_Work to be completed_
Return nothing but the lines from the one with "Evaluation of antihyperglycaemic" through the one with "Double page spread" in the data below, word for word and without pictures.

_Exercise input_
*** Begin section ***

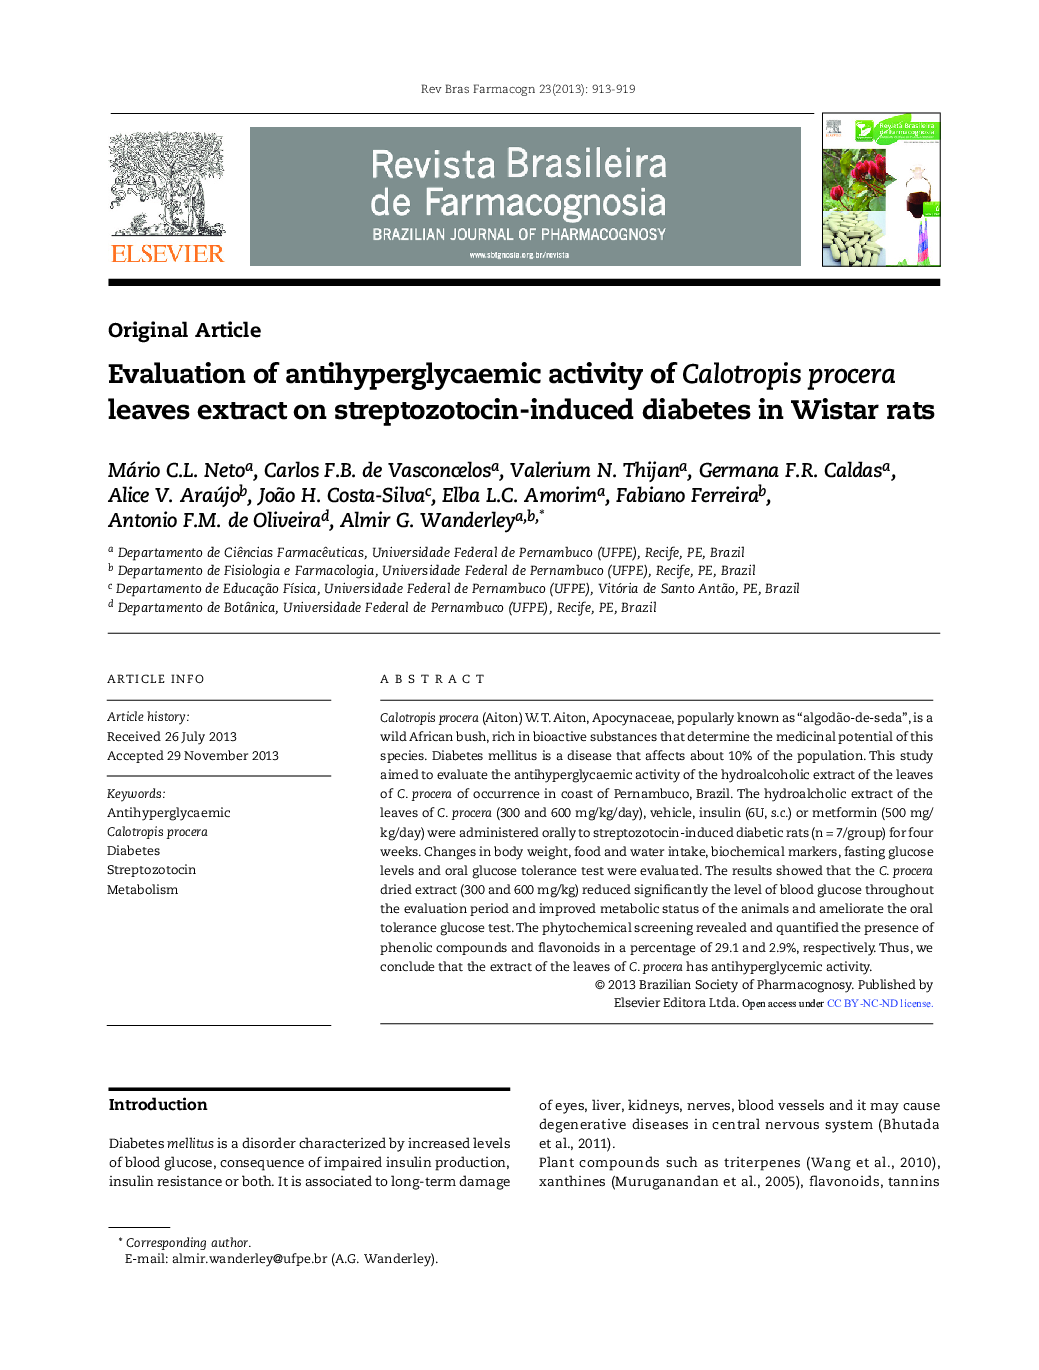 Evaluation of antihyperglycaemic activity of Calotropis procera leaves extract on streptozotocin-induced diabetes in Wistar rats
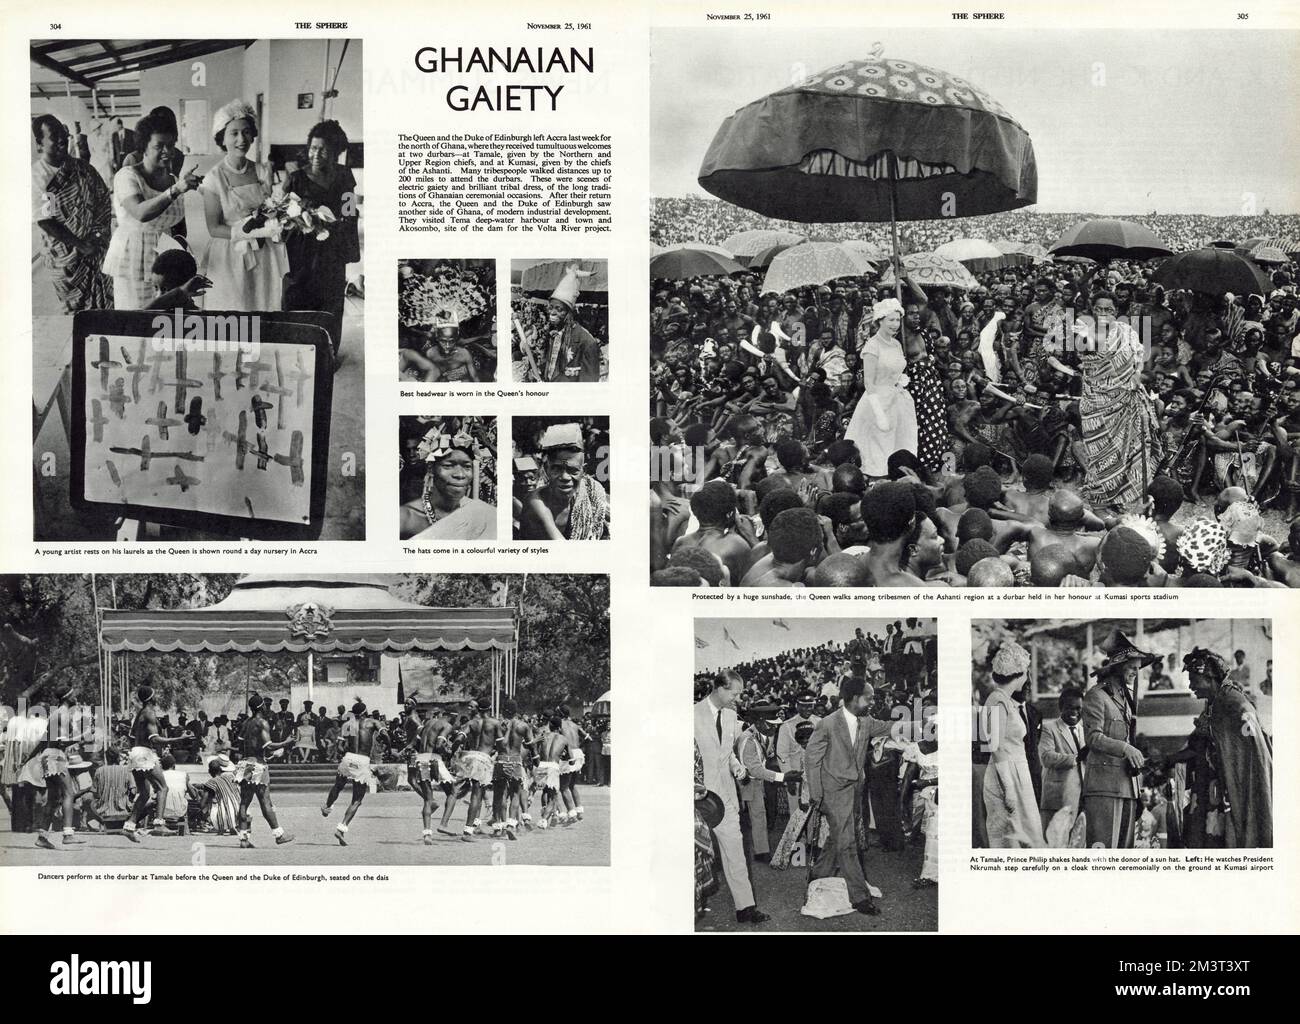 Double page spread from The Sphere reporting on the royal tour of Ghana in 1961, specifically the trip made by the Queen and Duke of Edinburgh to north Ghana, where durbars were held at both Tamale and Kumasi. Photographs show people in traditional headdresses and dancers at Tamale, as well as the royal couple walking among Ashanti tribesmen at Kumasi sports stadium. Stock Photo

*** End section ***
*** Begin section ***

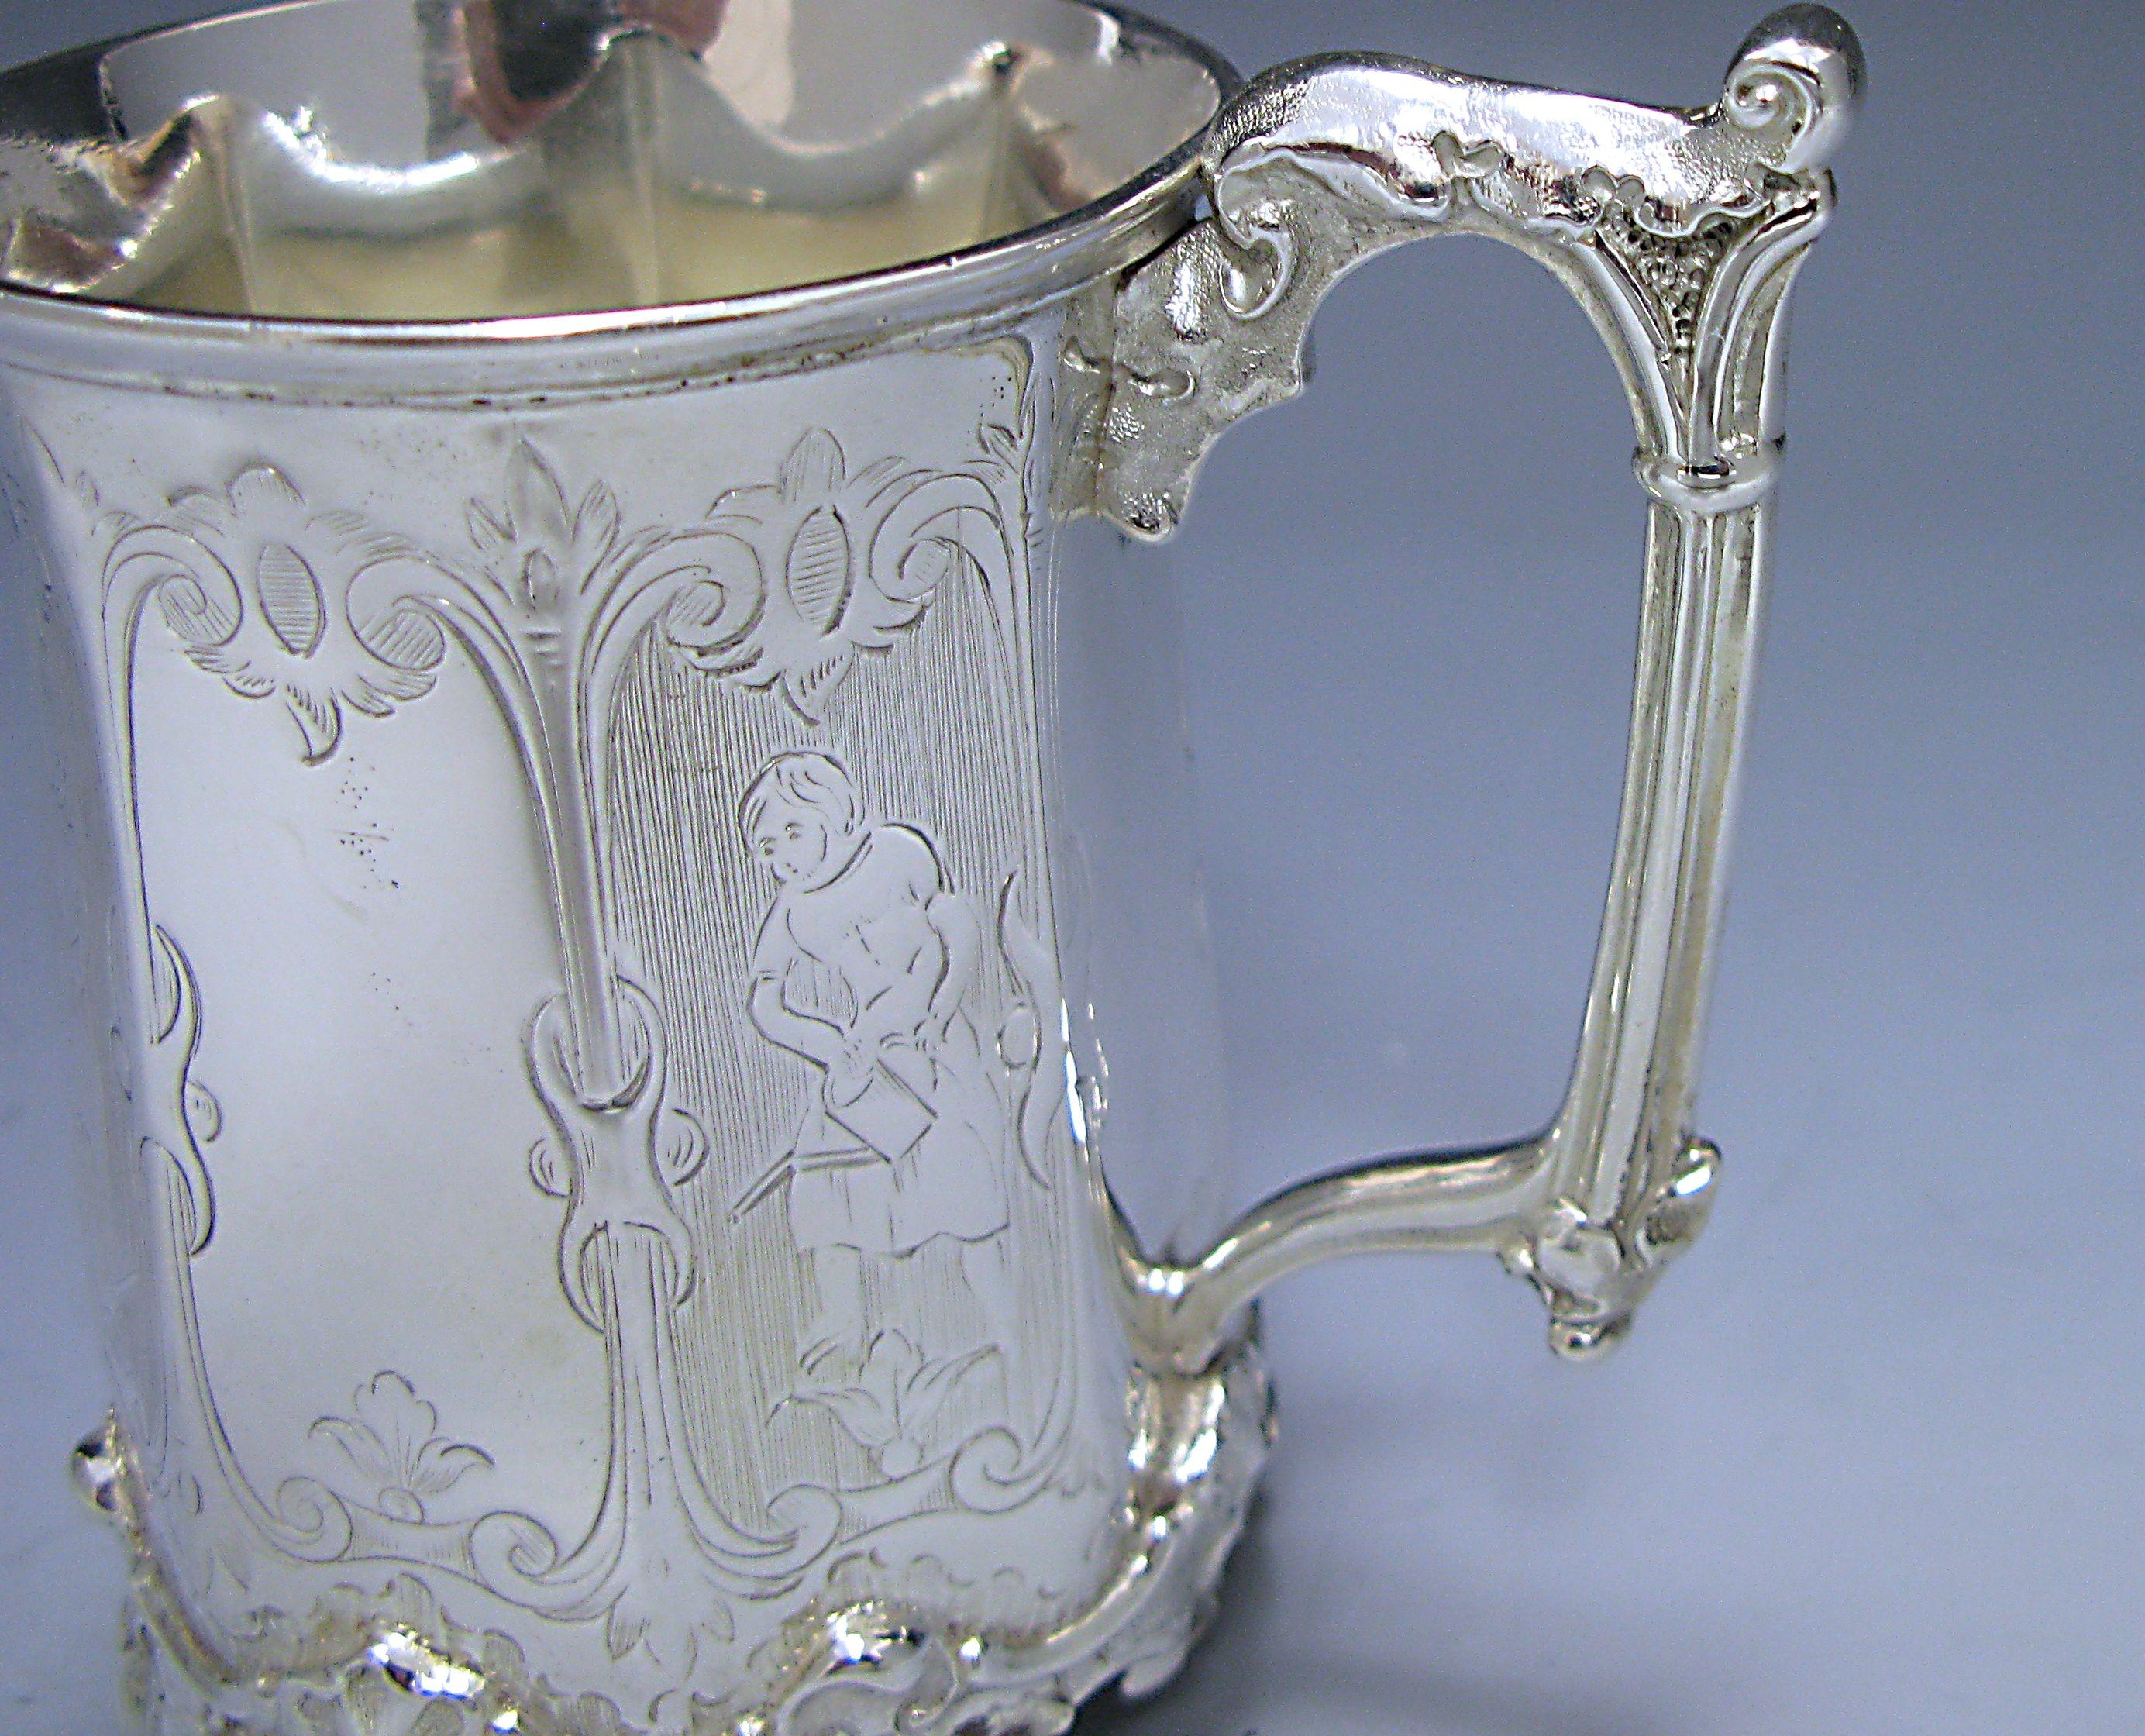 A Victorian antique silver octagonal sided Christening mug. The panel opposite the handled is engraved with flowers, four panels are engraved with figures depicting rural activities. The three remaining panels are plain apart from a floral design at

*** End section ***

_Output for this task_
 Evaluation of antihyperglycaemic activity of Calotropis procera leaves extract on streptozotocin-induced diabetes in Wistar rats
 Double page spread from The Sphere reporting on the royal tour of Ghana in 1961, specifically the trip made by the Queen and Duke of Edinburgh to north Ghana, where durbars were held at both Tamale and Kumasi. Photographs show people in traditional headdresses and dancers at Tamale, as well as the royal couple walking among Ashanti tribesmen at Kumasi sports stadium. Stock Photo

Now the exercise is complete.